The schema is the contract. Instructor enforces it. You stop hoping the LLM returns valid JSON and start knowing it does.

Streaming LLM Responses in LiveView

Users don't wait well. A 5-second spinner while GPT-4 thinks? That's a UX failure.perceived-latency Streaming tokens as they generate changes everything; users see progress, start reading immediately, and perceive the system as faster even when total latency is identical.

LiveView makes this almost boring to implement.

defmodule MyAppWeb.ChatLive do
  use MyAppWeb, :live_view

  def mount(_params, _session, socket) do
    {:ok, assign(socket, messages: [], streaming: false, current_response: "")}
  end

  def handle_event("send_message", %{"message" => content}, socket) do
    user_message = %{role: :user, content: content}
    messages = socket.assigns.messages ++ [user_message]
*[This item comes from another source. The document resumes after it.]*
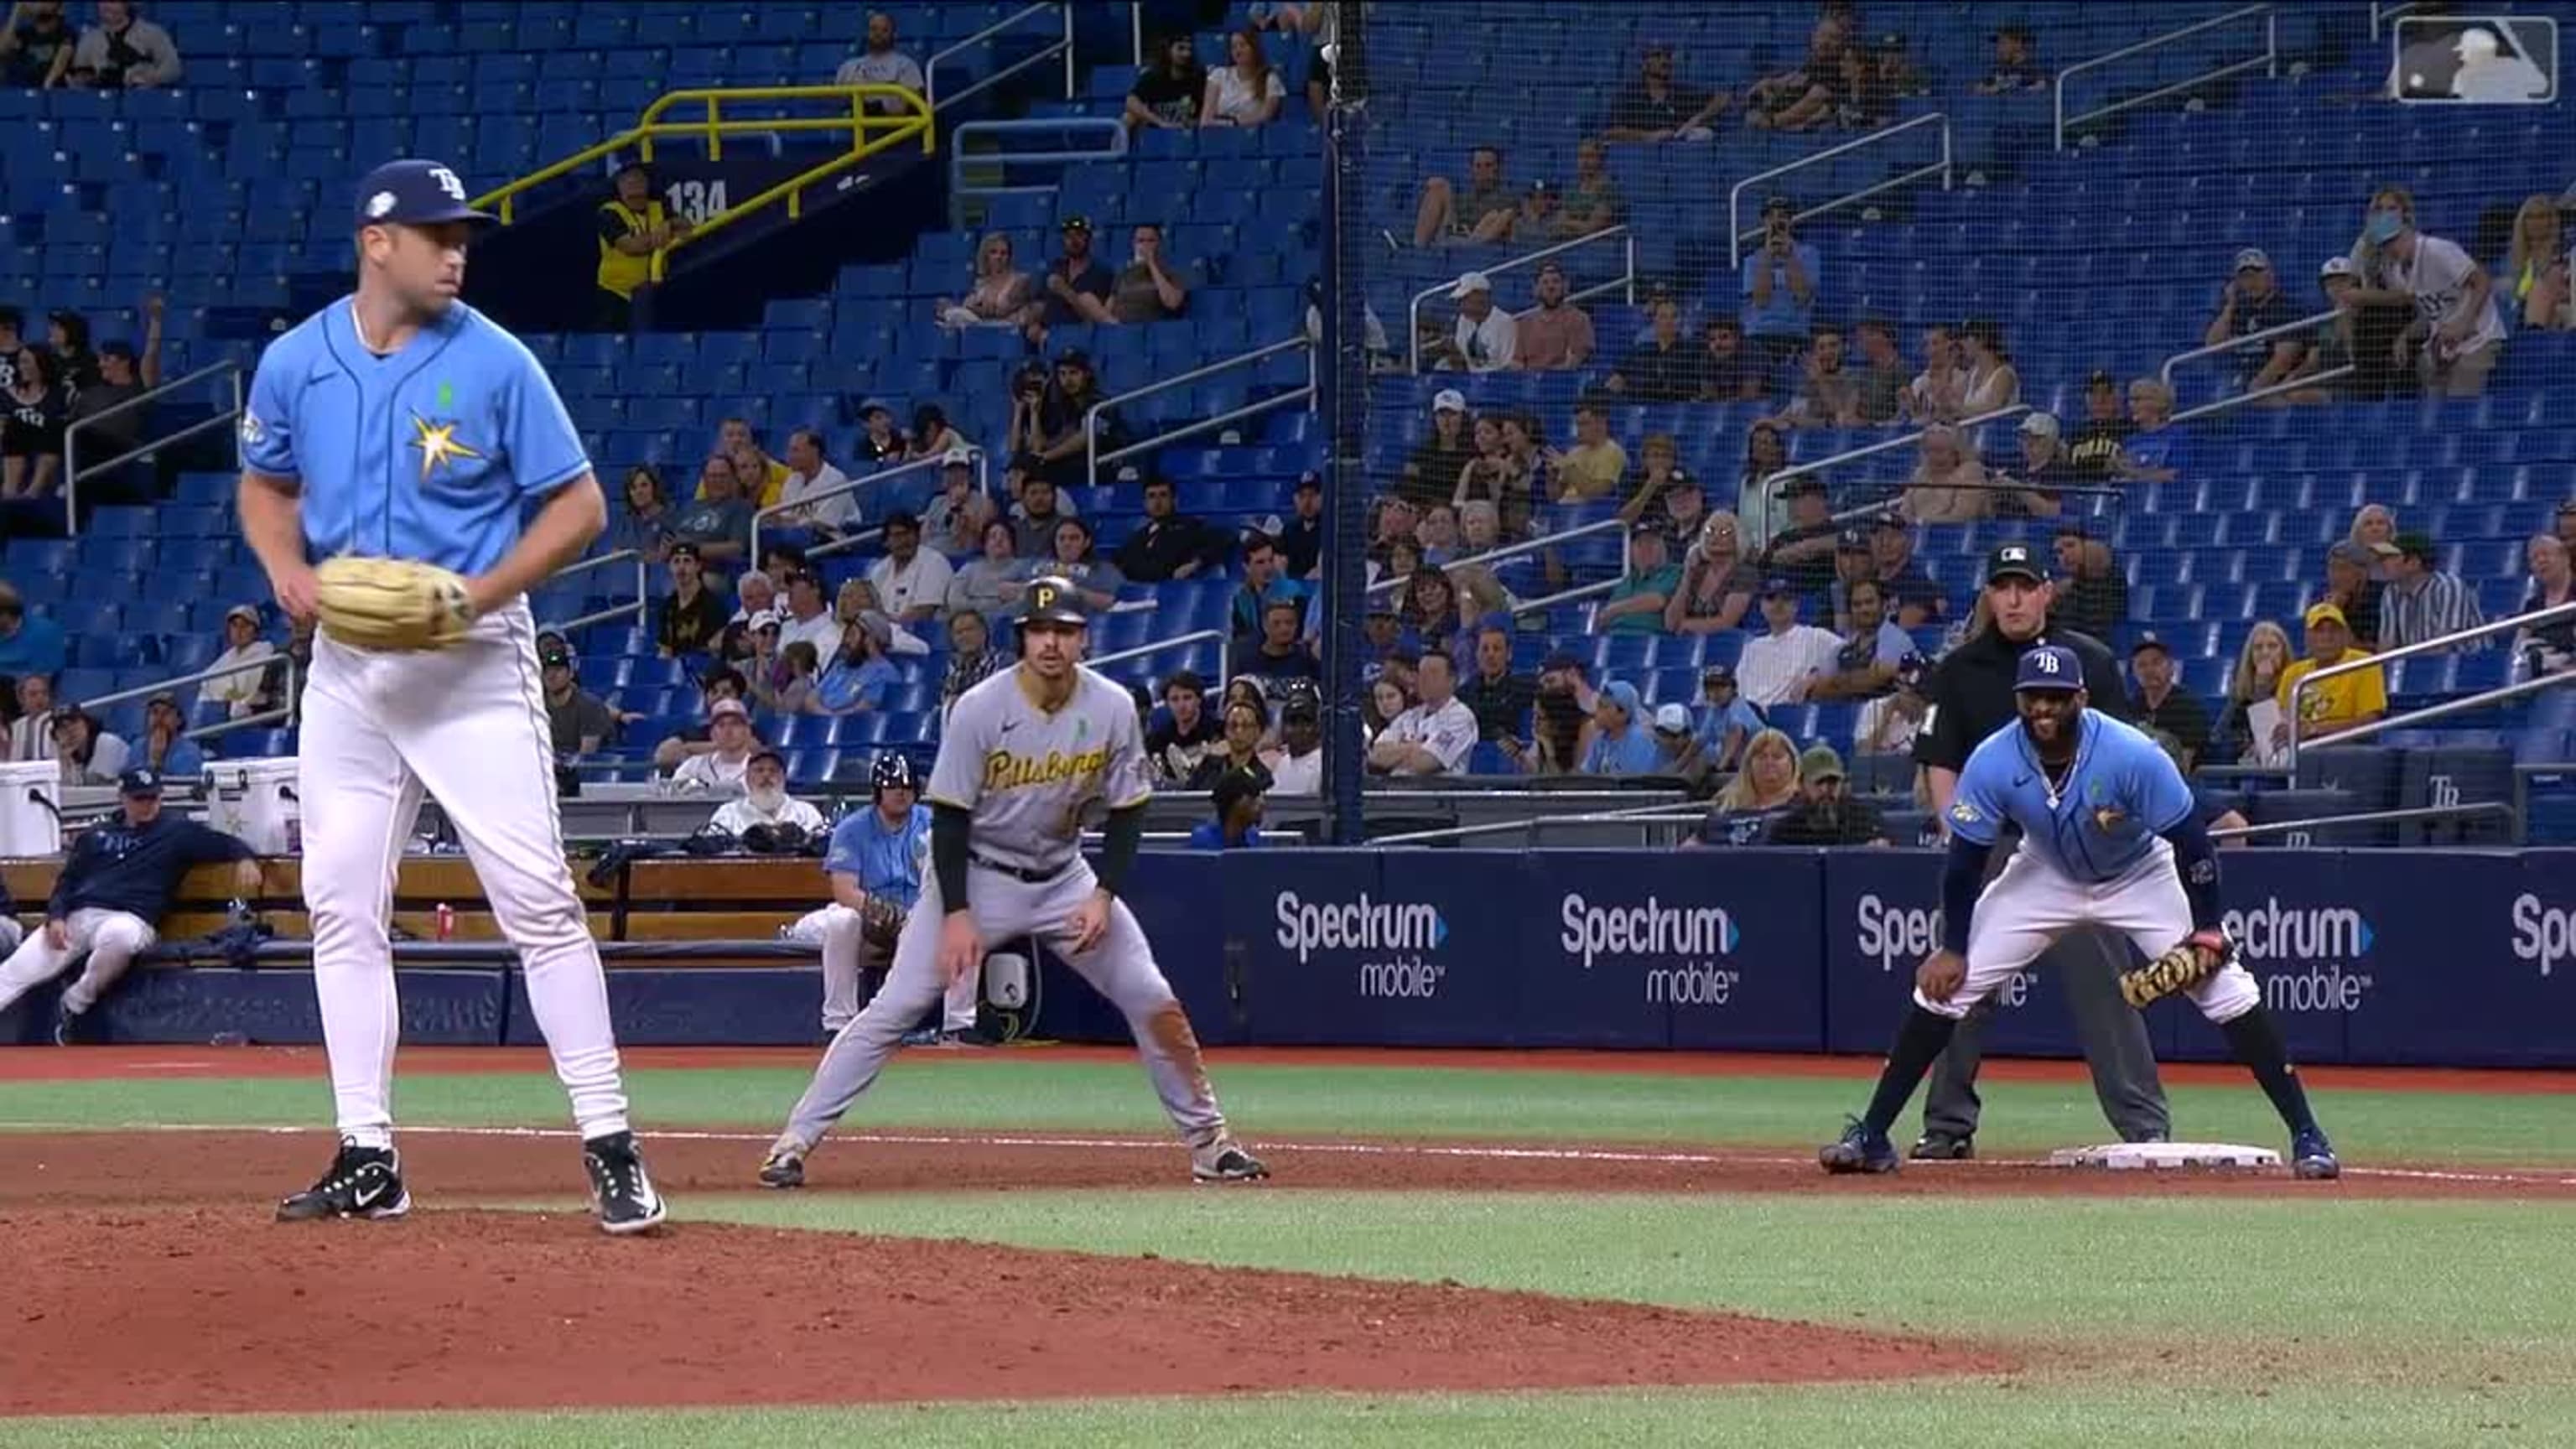 Ramirez homers as Rays beat Pirates in matchup of top teams

    # Start streaming in a separate process
    pid = self()
    Task.start(fn -> stream_response(messages, pid) end)

    {:noreply,
     socket
     |> assign(messages: messages, streaming: true, current_response: "")}
  end

  def handle_info({:stream_chunk, chunk}, socket) do
    current = socket.assigns.current_response <> chunk
    {:noreply, assign(socket, current_response: current)}
  end

  def handle_info(:stream_complete, socket) do
    assistant_message = %{role: :assistant, content: socket.assigns.current_response}

    {:noreply,
     socket
     |> assign(
       messages: socket.assigns.messages ++ [assistant_message],
       streaming: false,
       current_response: ""
     )}
  end

  defp stream_response(messages, pid) do
    OpenaiEx.Chat.Completions.create(
      MyApp.LLM.OpenAI.client(),
      %{
        model: "gpt-4-turbo",
        messages: format_messages(messages),
        stream: true
      },
      stream: fn
        %{"choices" => [%{"delta" => %{"content" => content}}]} when is_binary(content) ->
          send(pid, {:stream_chunk, content})
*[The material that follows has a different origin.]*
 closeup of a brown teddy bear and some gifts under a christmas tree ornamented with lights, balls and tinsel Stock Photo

        %{"choices" => [%{"finish_reason" => "stop"}]} ->
          send(pid, :stream_complete)

        _other ->
          :ok
      end
    )
  end

  defp format_messages(messages) do
    Enum.map(messages, fn %{role: role, content: content} ->
      %{"role" => to_string(role), "content" => content}
    end)
  end
end
<div class="chat-container">
  <%= for message <- @messages do %>
    <div class={"message #{message.role}"}>
      <%= message.content %>
    </div>
  <% end %>

  <%= if @streaming do %>
    <div class="message assistant streaming">
      <%= @current_response %><span class="cursor">|</span>
    </div>
  <% end %>
</div>

<form phx-submit="send_message">
  <input type="text" name="message" disabled={@streaming} />
  <button type="submit" disabled={@streaming}>Send</button>
</form>

Streaming is just message passing. The LLM client sends chunks to the LiveView process; the process updates socket assigns; Phoenix pushes the diff over the WebSocket. No polling. No callback hell. Just processes talking to each other — the thing Elixir was literally designed to do.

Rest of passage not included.